The same results were observed for our alternative model, and are presented in figure 8.

Figure 6

Figure 7: Activity along $m$ as a function of input strength in three different scenarios in the $\tau_r \ll \tau_s$ scenario. Left: $m$, $n$, and $I$ are orthogonal. Center: $m$ and $n$ are orthogonal, and $I$ has a component along $n$. Right: $m$ and $n$ have an overlap.

Figure 8: Same as figure 7 but in the $\tau_r \gg \tau_s$ scenario.

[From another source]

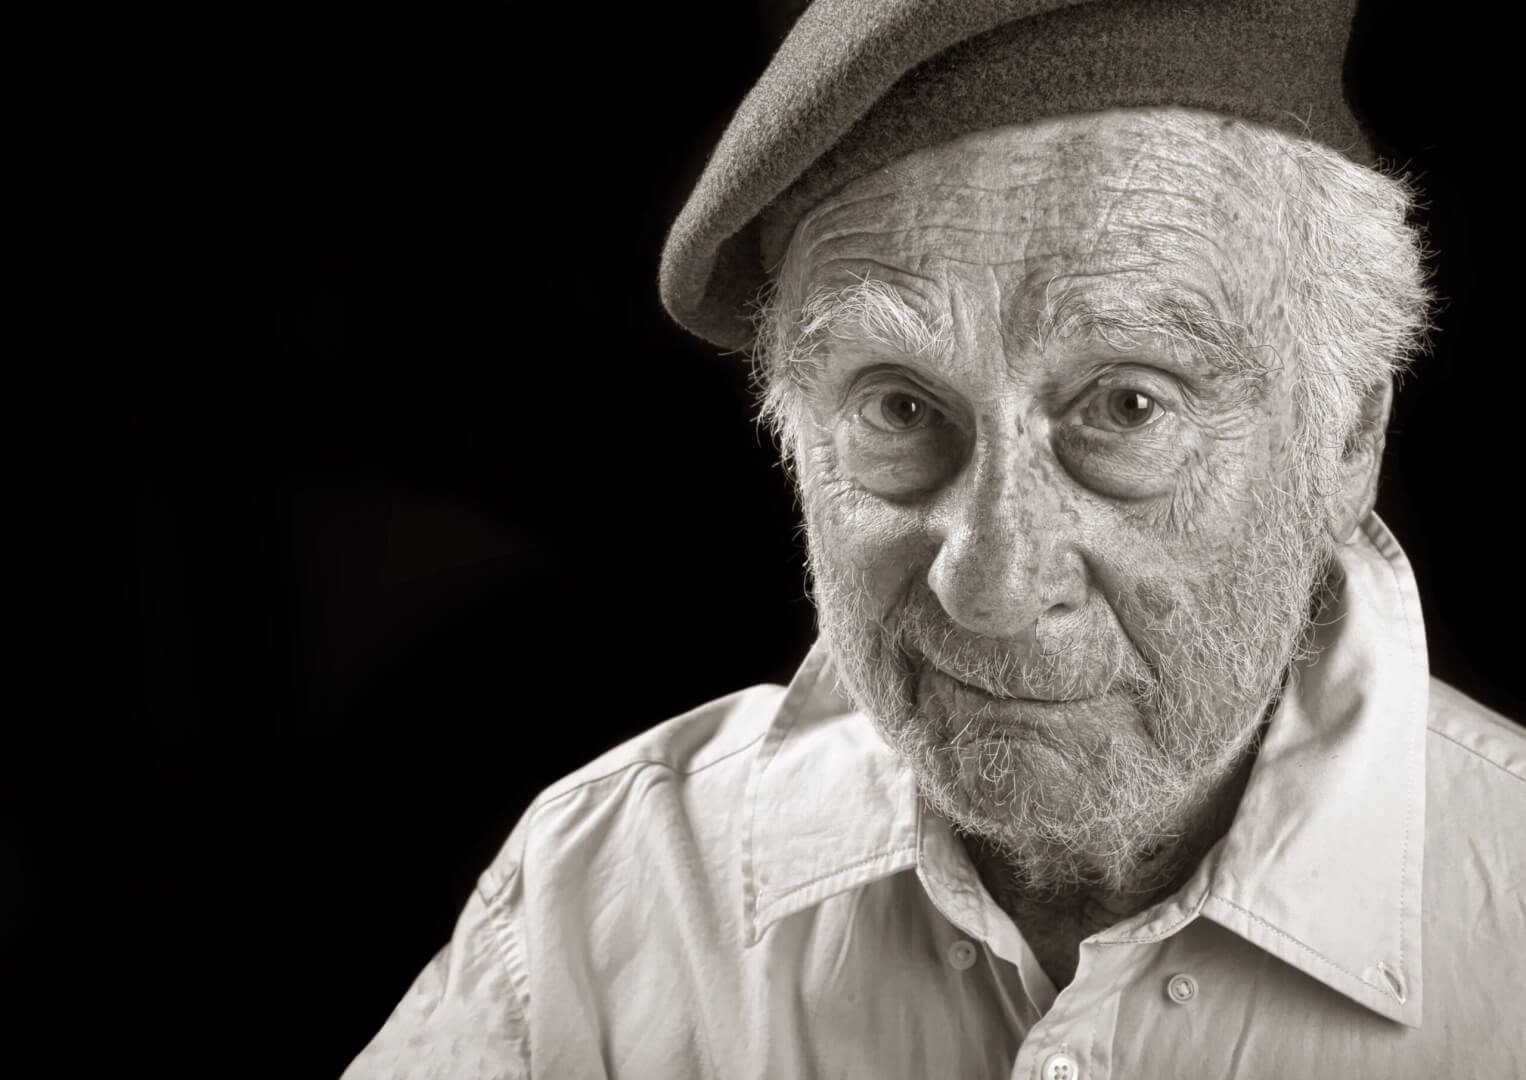 Un hombre mayor posa en una imagen en blanco y negro con una boina.

Same as figure 2D but for the alternative model

Conclusion

Thanks to a carefully conducted critical reading, we noticed that when building their firing rate model, authors implicitly did not explore an alternative model in which $\tau_r$ (the membrane characteristic time) is not negligible with respect to $\tau_s$ (the synaptic characteristic time). This alternative model is an interesting extension as it covers a theoretical framework ignored by the authors. We showed through a short theoretical analysis that both models were equivalent in the stationary case. Finally, we showed experimentally that the alternative model we proposed in equation (5) has very similar behavior to that of the paper’s, both for spontaneous activity and in response to an external stimulus. Because this behavior analysis makes for the building block of the four task implementations, it is legitimate to think that the proposed alternative model will also be able to perform these tasks. The mini-project conducted here therefore shows that the low-rank recurrent neural networks studied in this paper are even more biologically plausible than they claim to be.

References

[1] Francesca Mastrogiuseppe and Srdjan Ostojic. Linking connectivity, dy-namics and computations in low-rank recurrent neural networks. Neuron, 99(3):609–623.e29, August 2018. arXiv: 1711.09672.
[2] Peter Dayan and L. F. Abbott. Theoretical neuroscience: computational and mathematical modeling of neural systems. Computational neuro-science. Massachusetts Institute of Technology Press, Cambridge, Mass, 2001.